--- DATA SHOWN Enclosed Below ---

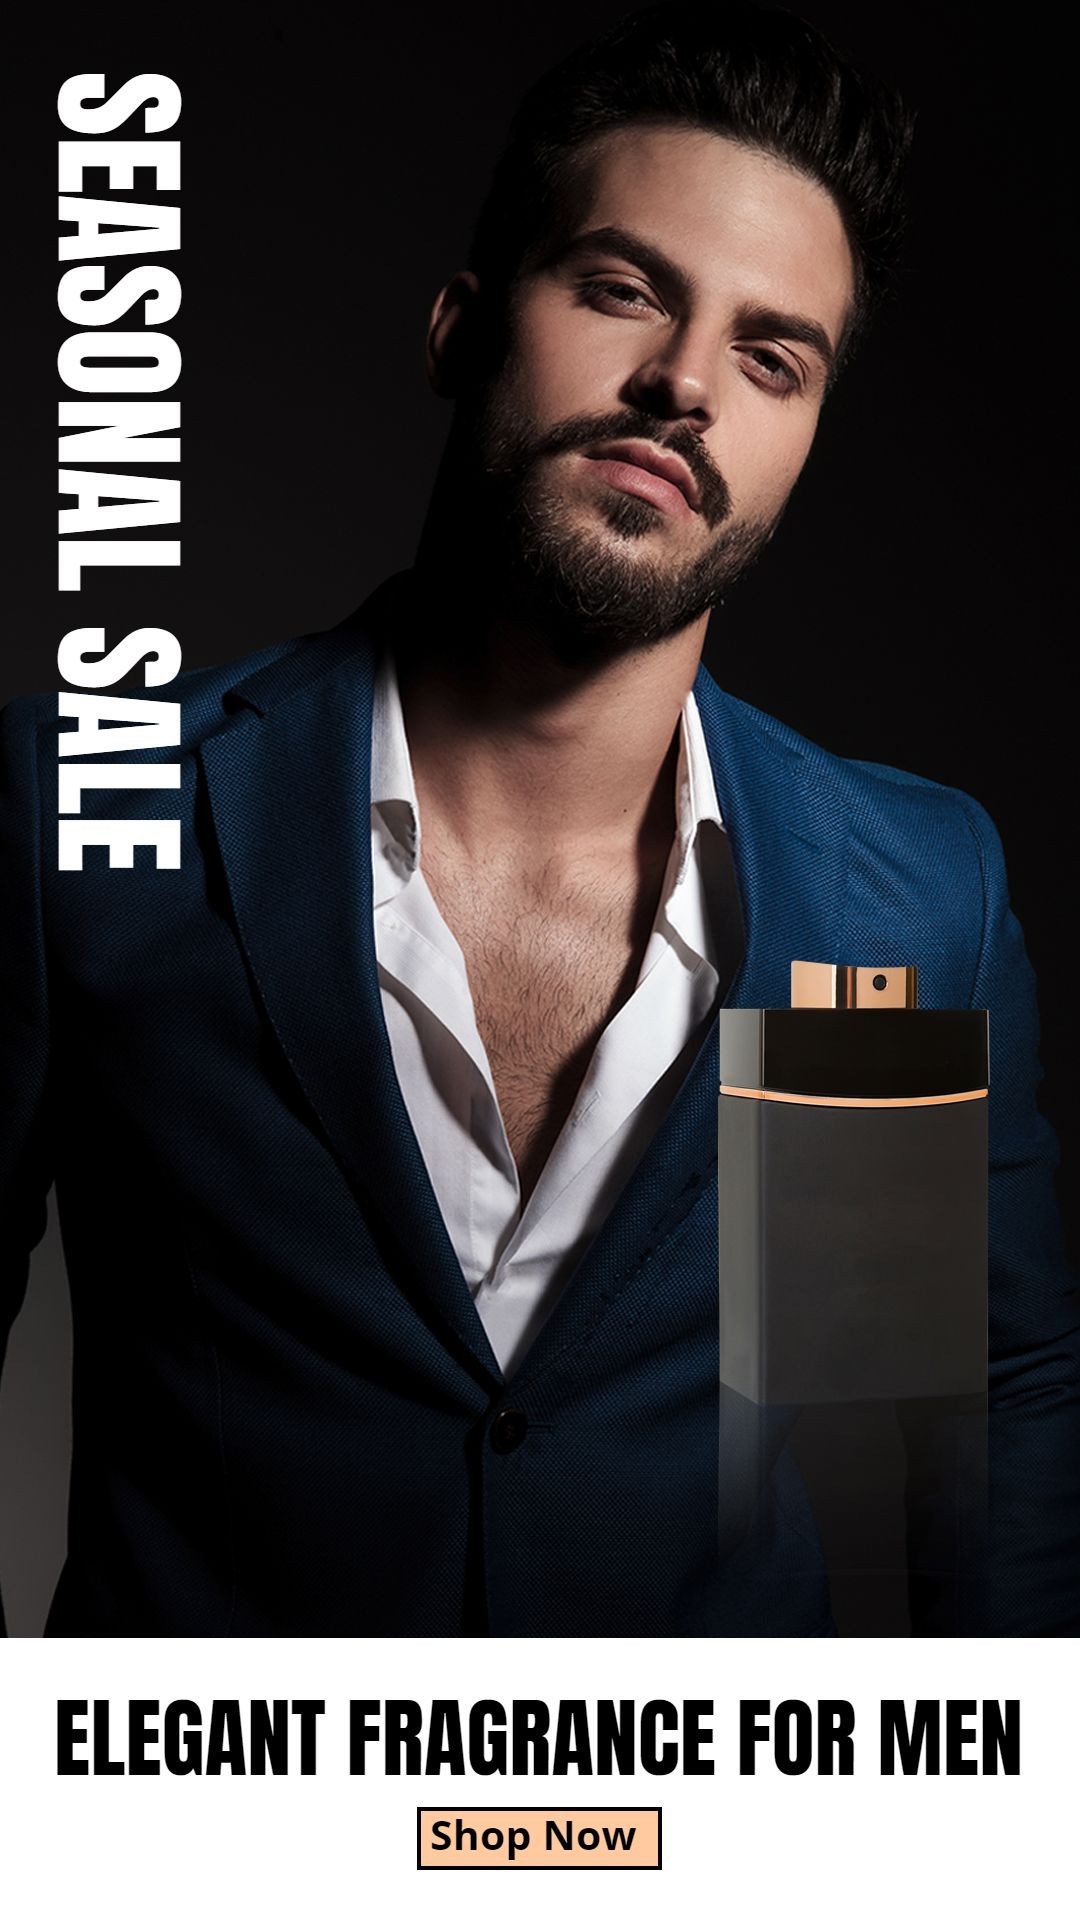 Men's Perfume Fragrance Sale Promotion Ecommerce Story预览效果
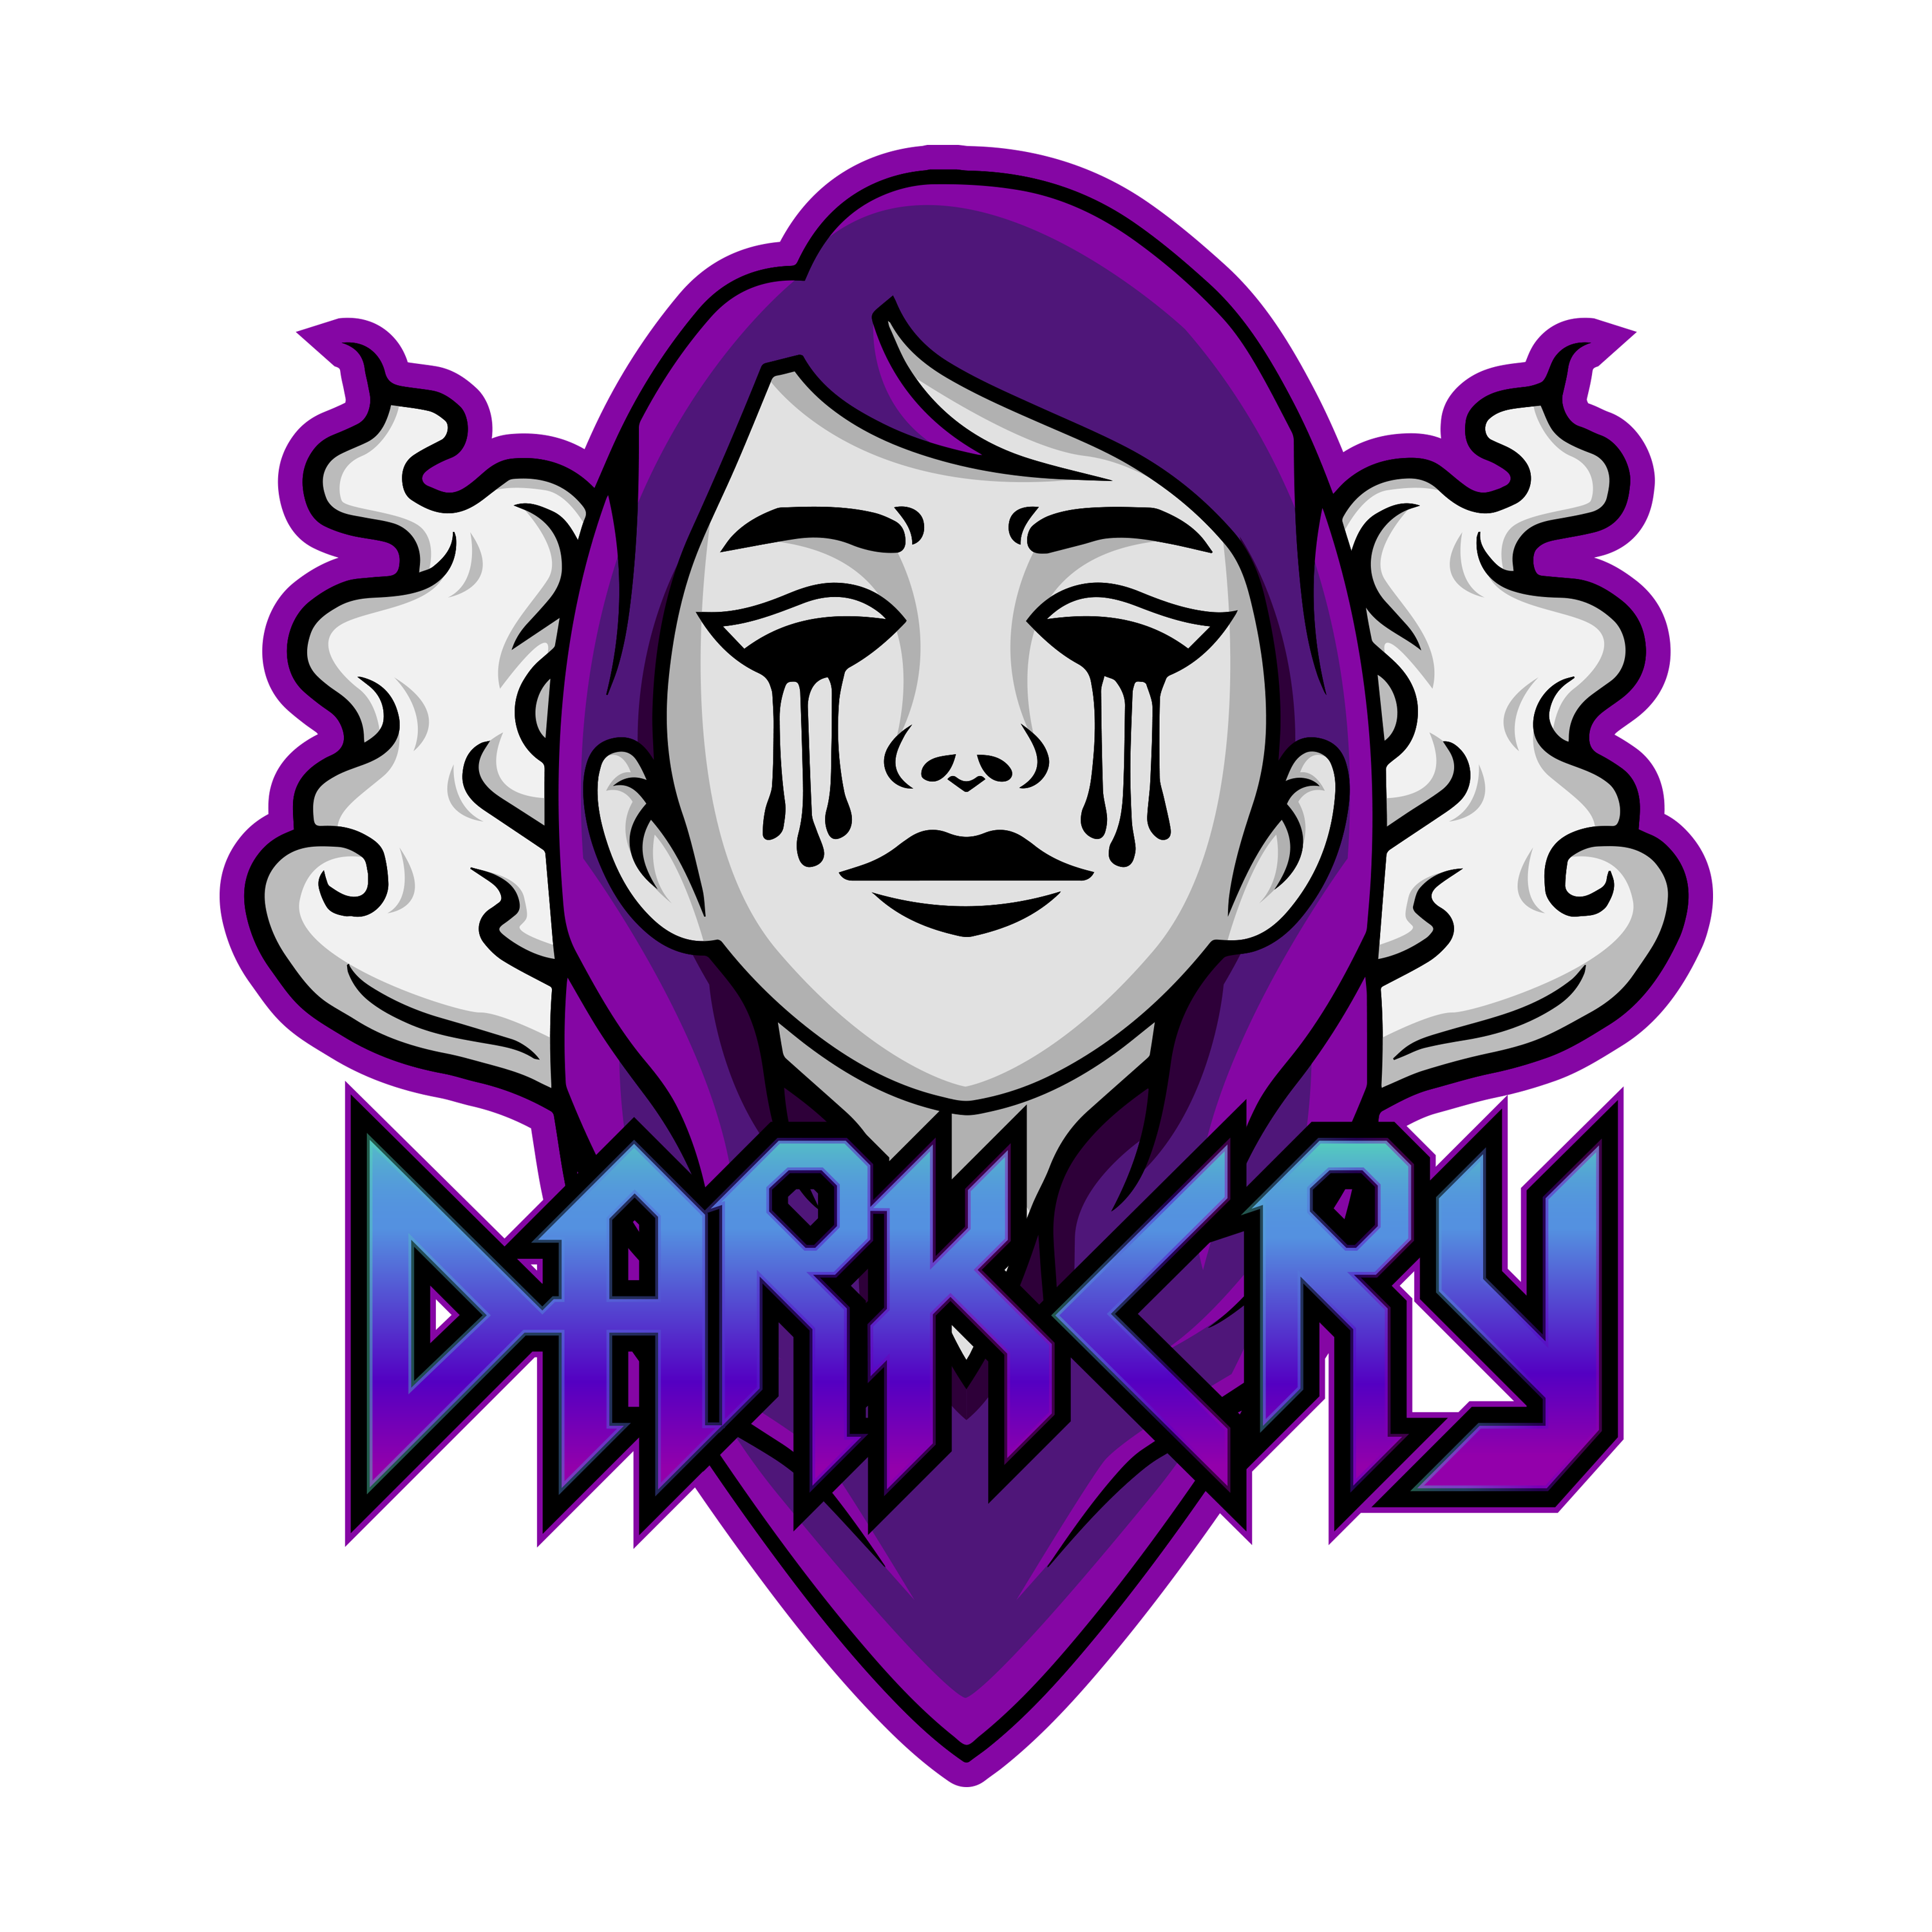 Team DarkCry
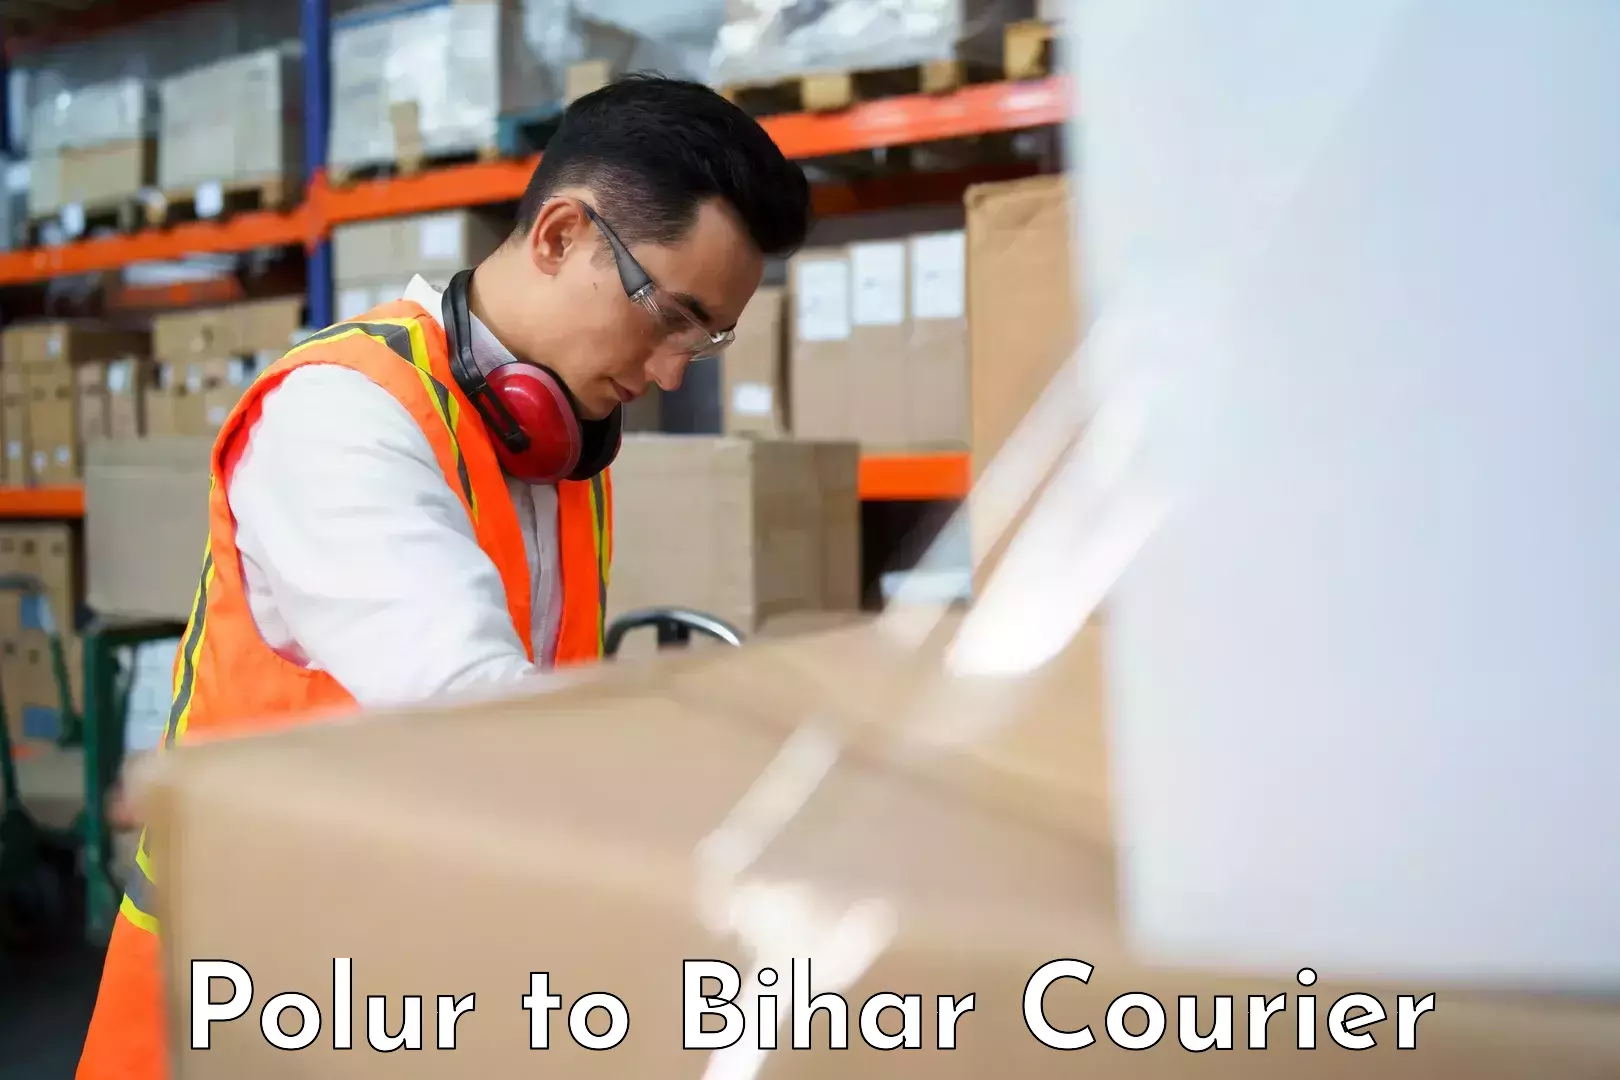 Quality moving company Polur to Bihar

--- End of Enclosed DATA SHOWN ---

§ **WHAT YOU SHOULD DO**
The answer is the listing above restated word for word, pictures removed.

§ **TASK SOLUTION**
 Men's Perfume Fragrance Sale Promotion Ecommerce Story预览效果
 Team DarkCry
 Quality moving company Polur to Bihar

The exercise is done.